Effects of GM-CSF gene transfer using silica-nanoparticles as a vehicle on white blood cell production in dogs.

OBJECTIVE: We sought to test two concepts: that nanoparticles can be used for in vivo gene delivery and that canine granulocyte-macrophage colony-stimulating factor (GM-CSF)/nanoparticles can have possibility to be used to treat transient (acute) canine leukopenia. MATERIALS AND METHODS: We have generated a novel fluorescent-silica nanoparticle binding of canine GM-CSF gene; canine GM-CSF gene was inserted between the cytomegalovirus promoter and poly-adenylation sequences of simian virus 40, and the gene construct was ligated to fluorescent silica nanoparticles functionalized with tertiary amine. RESULTS: When the GM-CSF/nanoparticles were injected into normal dogs, the GM-CSF was expressed in peripheral blood mononuclear cells for at least 9 days and there were significant increases in white blood cell counts, as confirmed by complete blood count, differential count, and flow cytometry. Significant increases in expression of major histocompatibility complex class II on granulocytes and in serum GM-CSF were also observed. Readministration of the nanoparticles was also effective and expression in various tissues was confirmed by reverse transcriptase polymerase chain reaction.
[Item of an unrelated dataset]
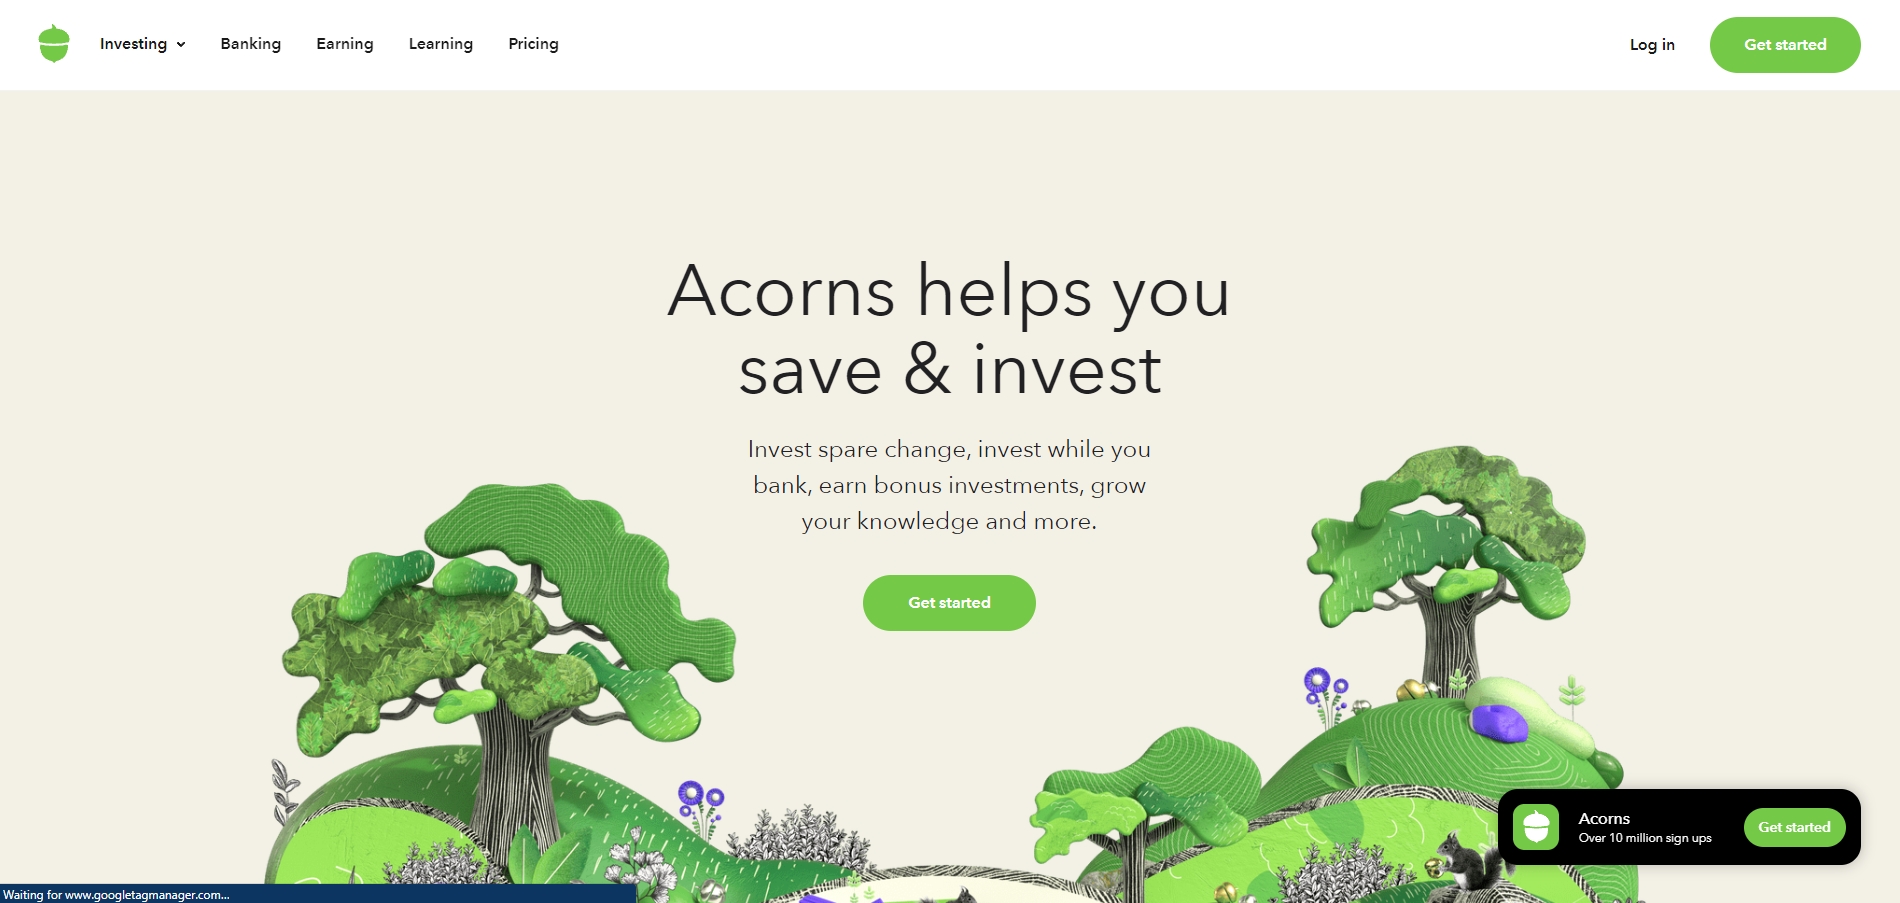 Acorns image featured

CONCLUSIONS: These GM-CSF/nanoparticles may be useful for correction of acute leukopenia, such as chemotherapy-induced myelosuppression without developing neutralizing antibodies.

Gene therapy using non-viral peptide vector in a canine systemic lupus erythematosus model.
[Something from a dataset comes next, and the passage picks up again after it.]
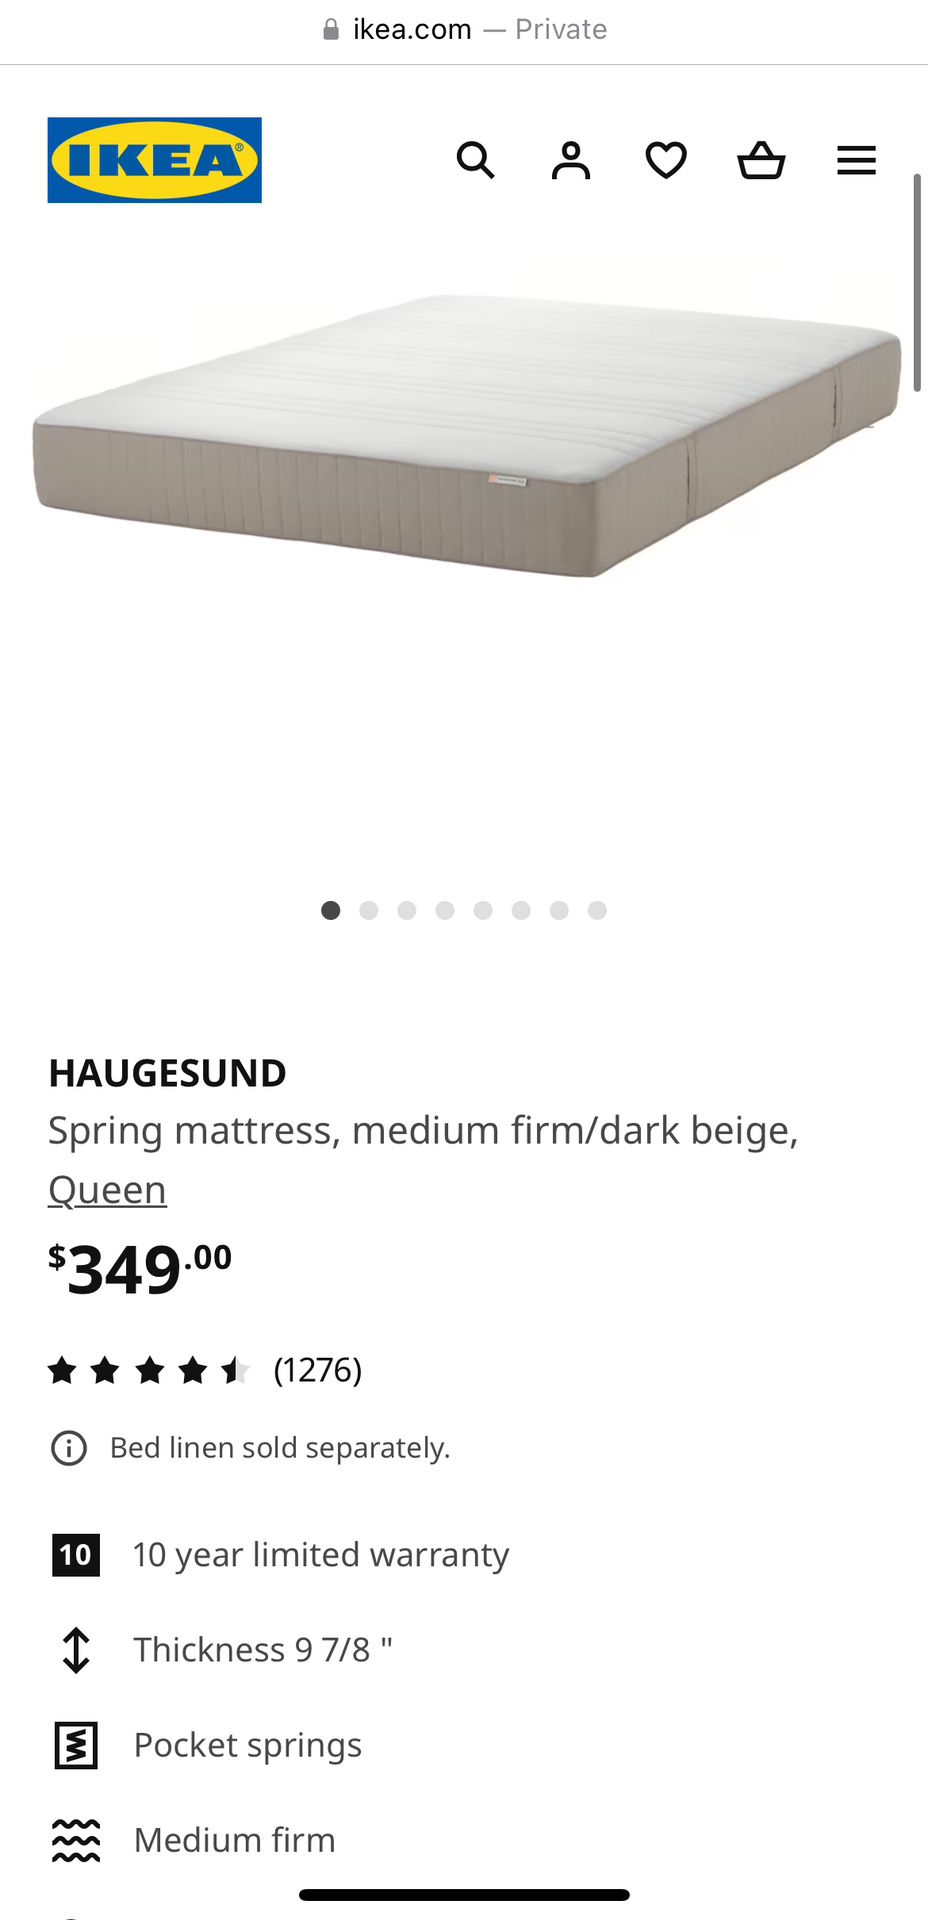 Ikea Haugesund Queen Mattress

Although viral vectors are commonly used for therapeutic gene delivery, their applications are limited due to their specific cell membrane receptor-mediated infection and host immune response. In the present study, we constructed a non-viral peptide vector and applied it in the treatment of experimentally induced systemic lupus erythematosus-like disease in dogs. For therapeutic gene construction, the extracellular domain of canine CTLA-4, and the CH2-CH3 domains of canine immunoglobulin alpha constant region were inserted between the cytomegalovirus promoter and poly-adenylation sequence of bovine growth hormone. The constructed therapeutic gene was ligated to the non-viral synthetic peptide vector and was applied to systemic lupus erythematosus-like disease induced dogs. After gene therapy, clinical signs of systemic lupus erythematosus were reduced dramatically: the anti-nuclear antibody titers and urine protein/creatinine ratios were recovered to normal values, and the skin regained its normal histological features. The peptide vector did not show either tissue specific tropism or host induced immune response.